Although TL offers many potential benefits in DH sensor data, challenges are still present. One major challenge for complex new tasks is the need for large, diverse datasets to train pretrained models to be fine-tuned for specific applications. In some cases, such as with rare diseases or specific patient populations, there may not be enough data available to train effective models. Additionally, transferring models from one domain to another can be difficult due to variations in data distributions and feature representations, which may potentially lead to reduced performance and accuracy in some cases. Another challenge is the need for the interpretability and transparency in TL models used in healthcare, as decisions made by these models can have significant impacts on patient outcomes. Moreover, ethical considerations must be taken into account, such as ensuring that models are not biased or discriminating against certain patient groups. These challenges and limitations need further research to be carefully considered and addressed. We also highlight specific open research topics in the concept of TL on DH that need further development, improvement, and experimentation to enhance the contributions of TL on the DH domain. These questions are the focus of our ongoing research.

Adaptive Learning for real-time DH sensing Data:

Research Challenge: DH sensing data are continuously generated in real-time, presenting a dynamic and evolving landscape. TL models need to adapt to handle incremental learning, ensuring they stay up to date with the latest data.

Research Direction: How can TL models be developed to effectively adapt to real-time or near-real-time data streams, facilitating continuous learning and timely decision-making?

2.: Enabling TL on Edge Devices (EDs) for timely healthcare applications:

Research Challenge: To enhance in-time diagnosis and personal healthcare monitoring, there is a need to enable TL approaches on edge devices.

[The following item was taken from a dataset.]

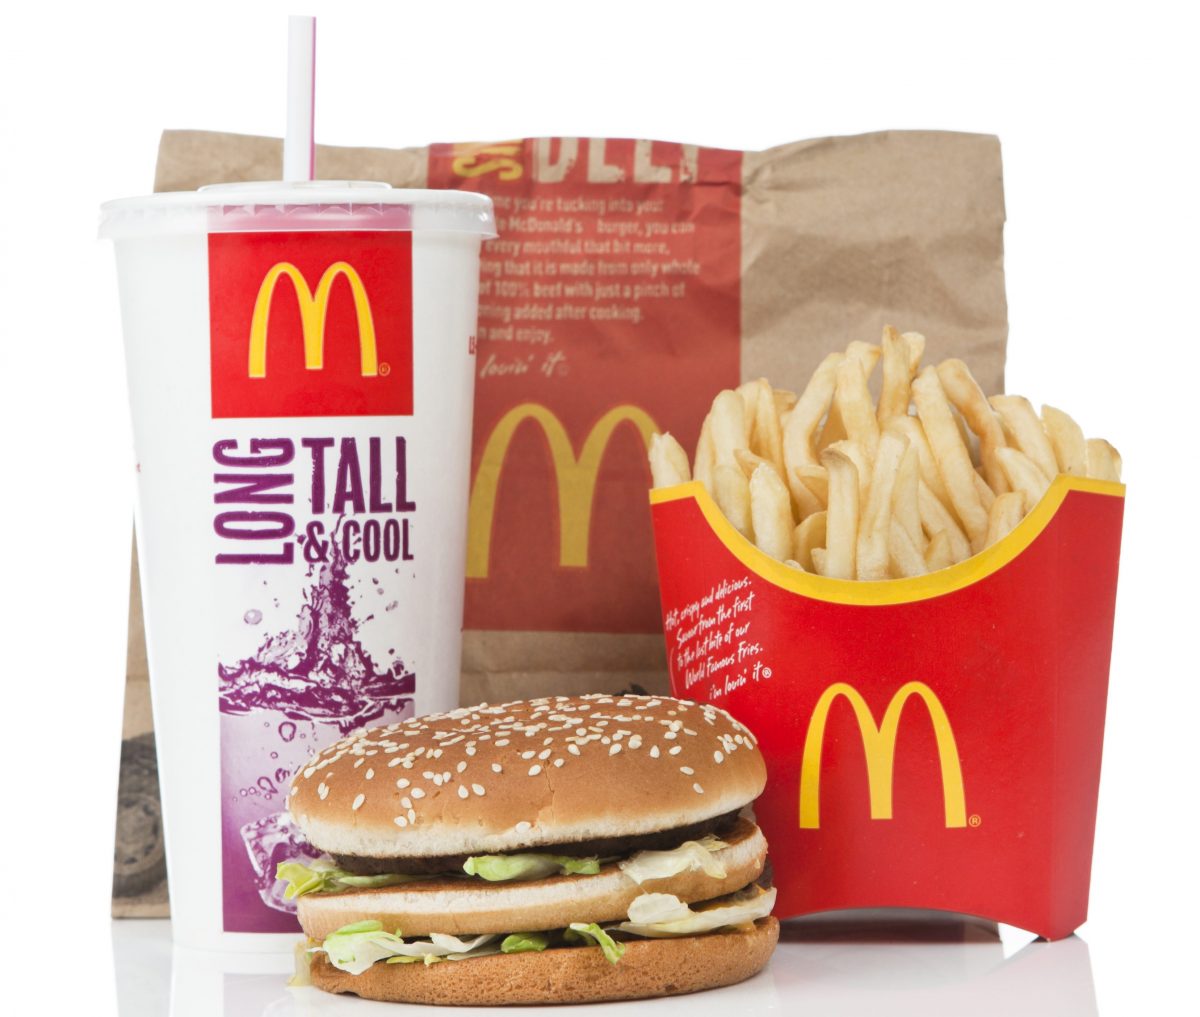 McDonald's Big Mac meal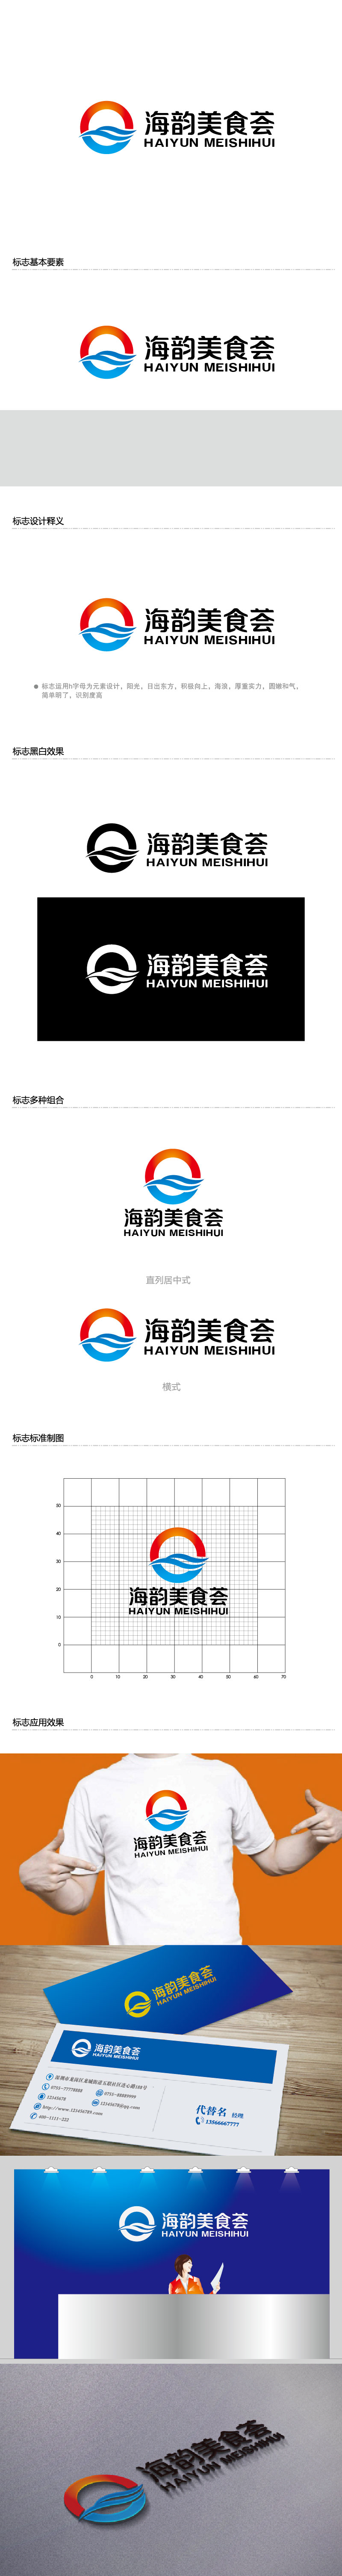 李贺的海韵美食荟logo设计

Research Direction: How can we simplify the embedding of TL models on portable devices, ensuring the efficient, real-time analysis of DH sensing data? This includes optimizing the model size, energy efficiency, and deployment strategies for edge computing.

Author Contributions

L.C. prepared, organized, collected, analyzed, discussed, wrote, and revised the paper materials and contents. E.R. discussed, reviewed, and revised the paper contents. All authors have read and agreed to the published version of the manuscript.

Funding

This research was supported partially by the Doctoral Graduate to Postdoctoral Scholar Fellowship Program and College of Engineering, University of Nevada, Las Vegas. The publication fees for this article were supported by the UNLV University Libraries Open Article Fund.

Acknowledgments

The publication fees for this article were supported by the UNLV University Libraries Open Article Fund.

Conflicts of Interest

The authors declare no conflict of interest.

Appendix A

In this Appendix, we present tables that summarize the features and applications of common wearable/attachable devices, as well as sensing technologies in DH.

Table A1. Features of common wearable and attachable sensing technologies in digital health.

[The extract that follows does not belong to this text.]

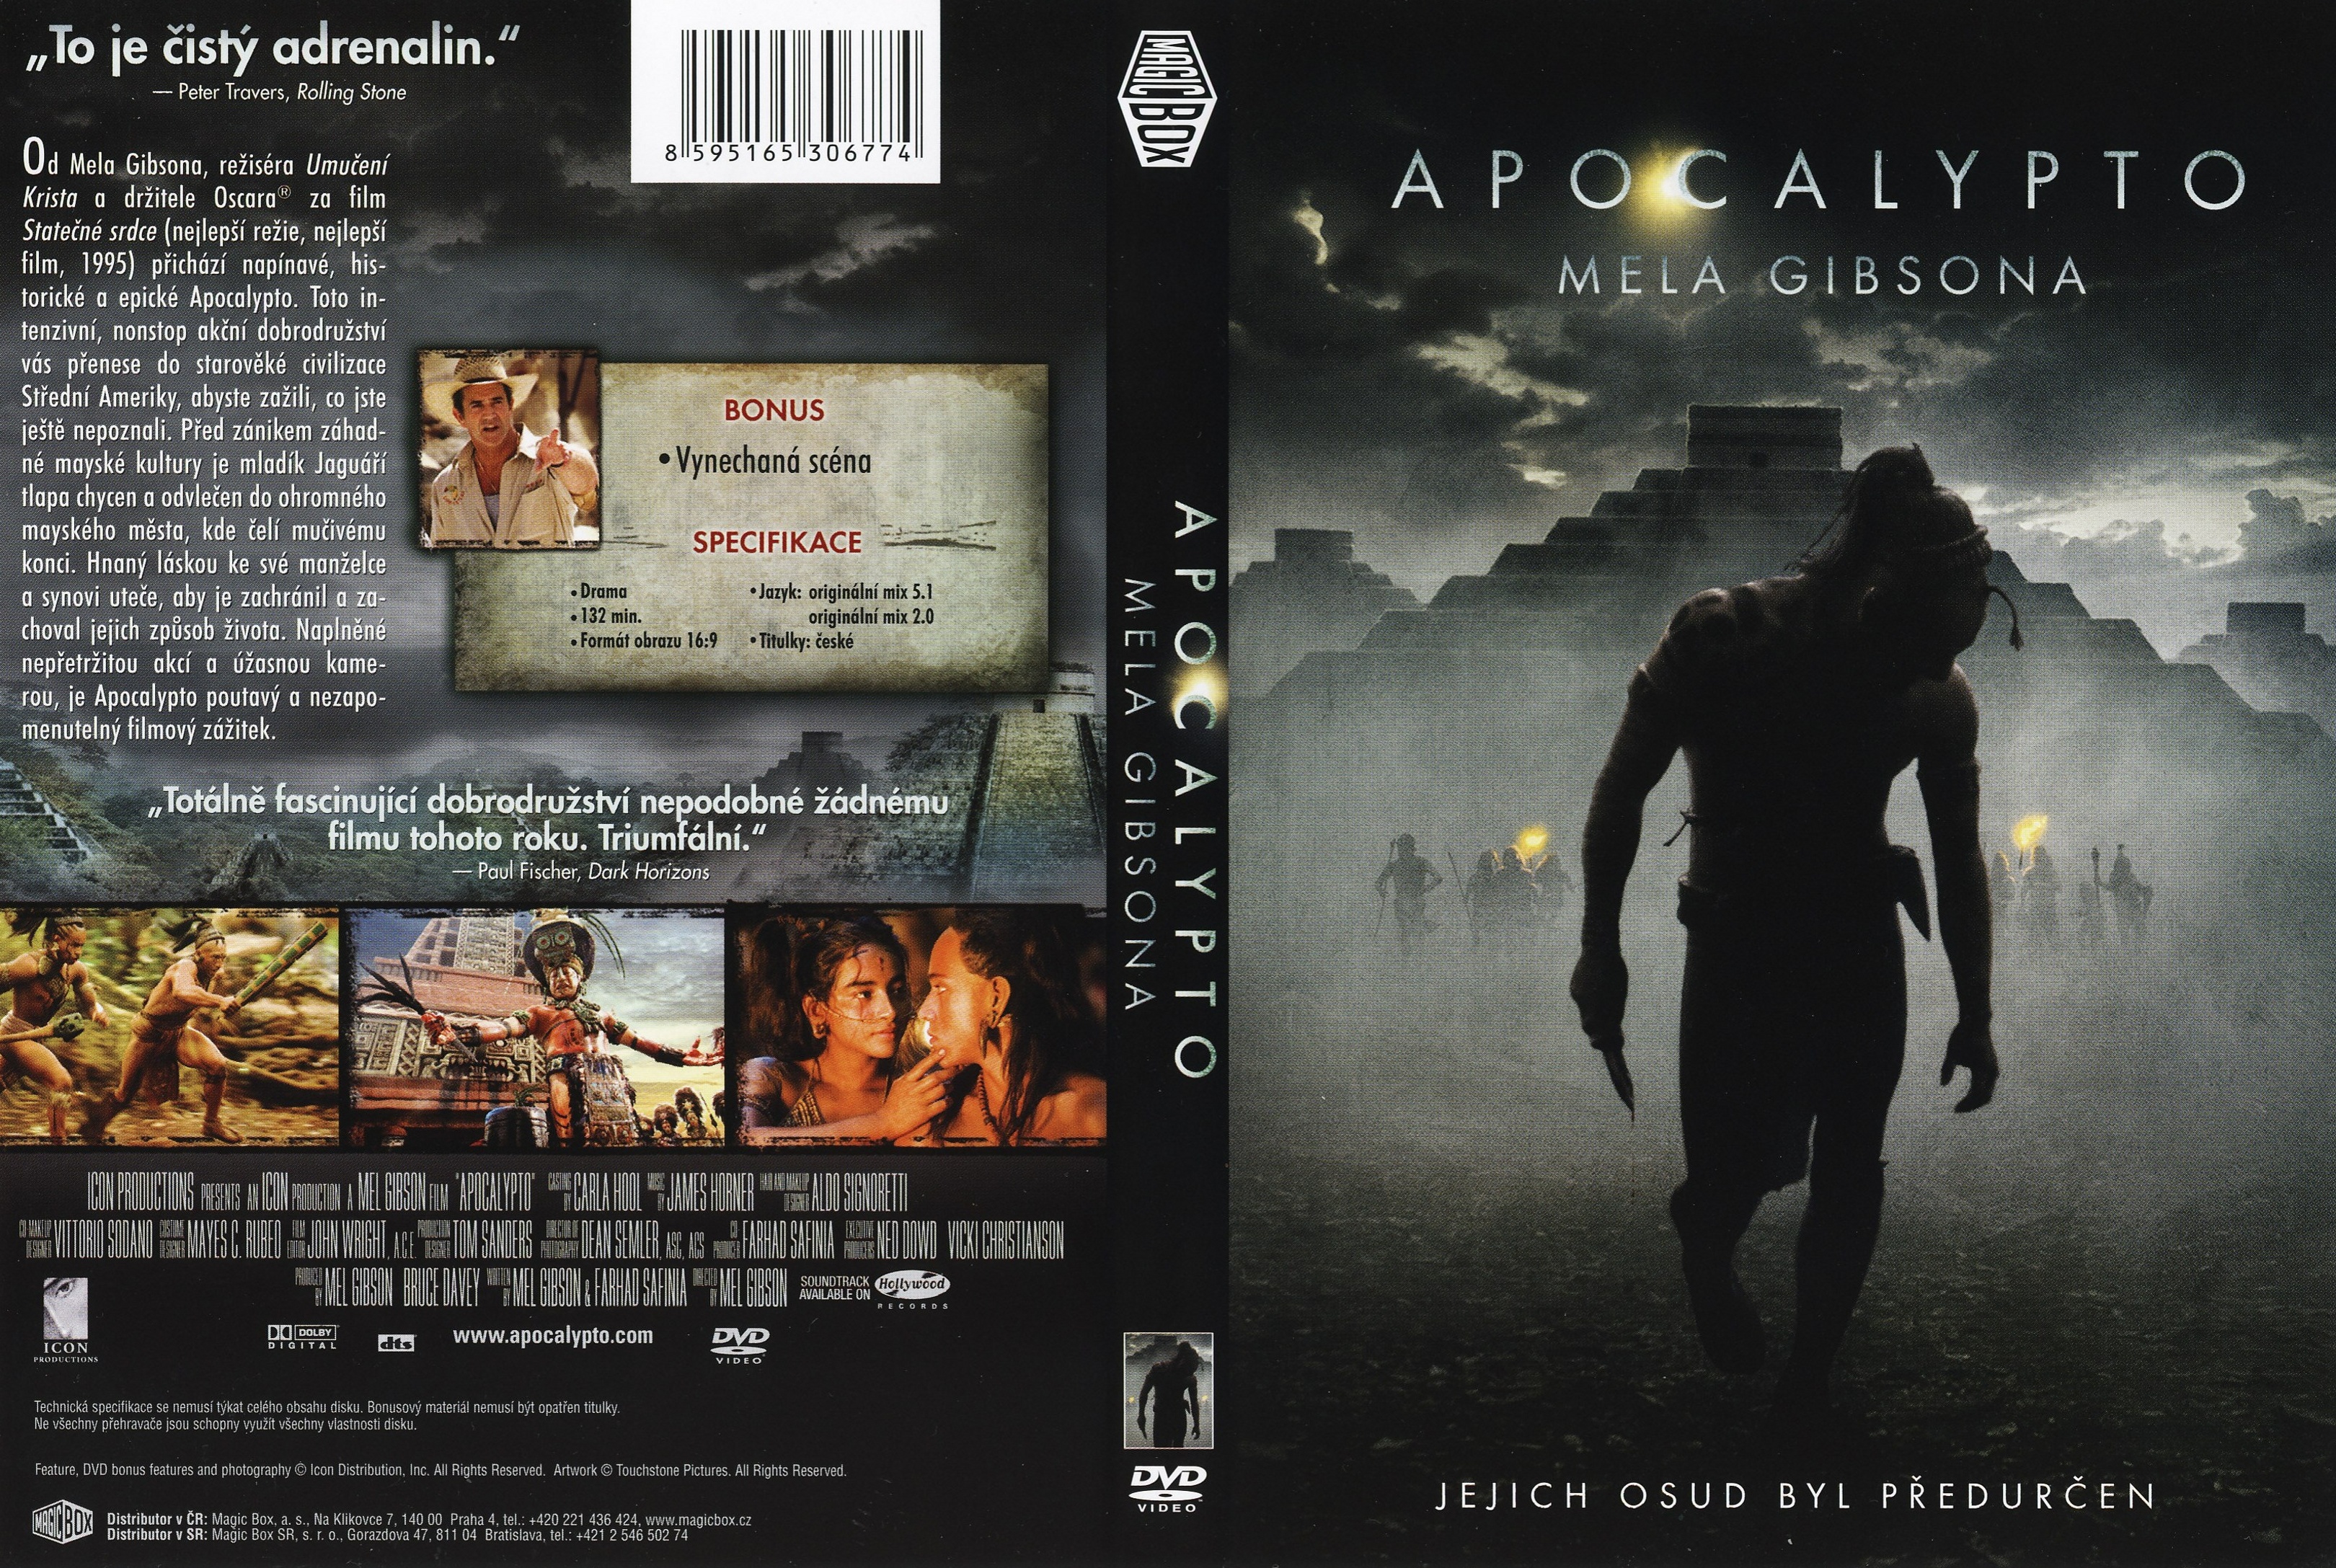 darren silcox recommends apocalypto download full movie pic

Technology	Worn/Attached Location	Features and Applications
Smart watches and fitness trackers (Wearable)	Wrist, upper arm, waist, and ankle	Track physical activity, heart rate, sleep patterns, and other health metrics.
Smart lenses (Wearable)	Head/eye	Embedded with sensors to monitor glucose levels and other parameters in the tears, and send the data to a connected device.
Mouthguards (Wearable)	Head/mouth	Monitor various health metrics, such as the heart rate, breathing rate, and oxygen saturation, by measuring changes in the saliva and oral fluids.
Continuous glucose monitoring and insulin pumps (Wearable/attached to the skin using adhesive patches)	Abdomen (belly), upper buttocks, upper arm, and thigh	Help people with diabetes manage their blood sugar levels by continuously monitoring glucose levels and automatically delivering insulin as needed.
Headbands and hats (Wearable)	Head/around the forehead, and over the ears	Measure the brain activity, heart rate, and other vital signs.
Chest straps and attached bands (Wearable)	Around the chest or the wrist	Measure the heart rate variability, respiratory rate, and other health metrics by sensing changes in the skin conductivity or other physiological parameters used in the field of fitness and wellness.
ECG patches (Attached to the skin using a medical-grade adhesive)	Chest, upper back, or upper arm	It can monitor the heart rate, rhythm, and other cardiac metrics, and are often used to diagnose arrhythmias and other heart conditions.
Blood pressure cuffs (Wearable)	Wrist or upper arm	Measure blood pressure and can help diagnose and manage hypertension and other cardiovascular conditions. Some of these devices contain memory to store measurements and send information wirelessly to healthcare providers.
Smart clothing shirts, pants, and sports bras (Wearable)	Human body	Embedded with sensors to monitor vital signs, physical activity, and other health parameters.
Wearable cameras		Capture images and video of a patient’s environment, which can be used for telemedicine and remote monitoring purposes.
Smart jewelry rings, bracelets, and necklaces (Wearable)	Different body locations	Equipped with sensors to track various health metrics.
Smart shoes (Wearable)	Foot	Detect gait patterns, track steps, and monitor posture.
Skin patches (Attachable)	Skin	Attached to the skin to monitor various physiological parameters, such as the heart rate, blood glucose levels, temperature, and hydration.
Smart helmets (Wearable)	Head	Enhance safety and provide connectivity. Equipped with sensors to monitor head impact forces and detect signs of concussion in athletes.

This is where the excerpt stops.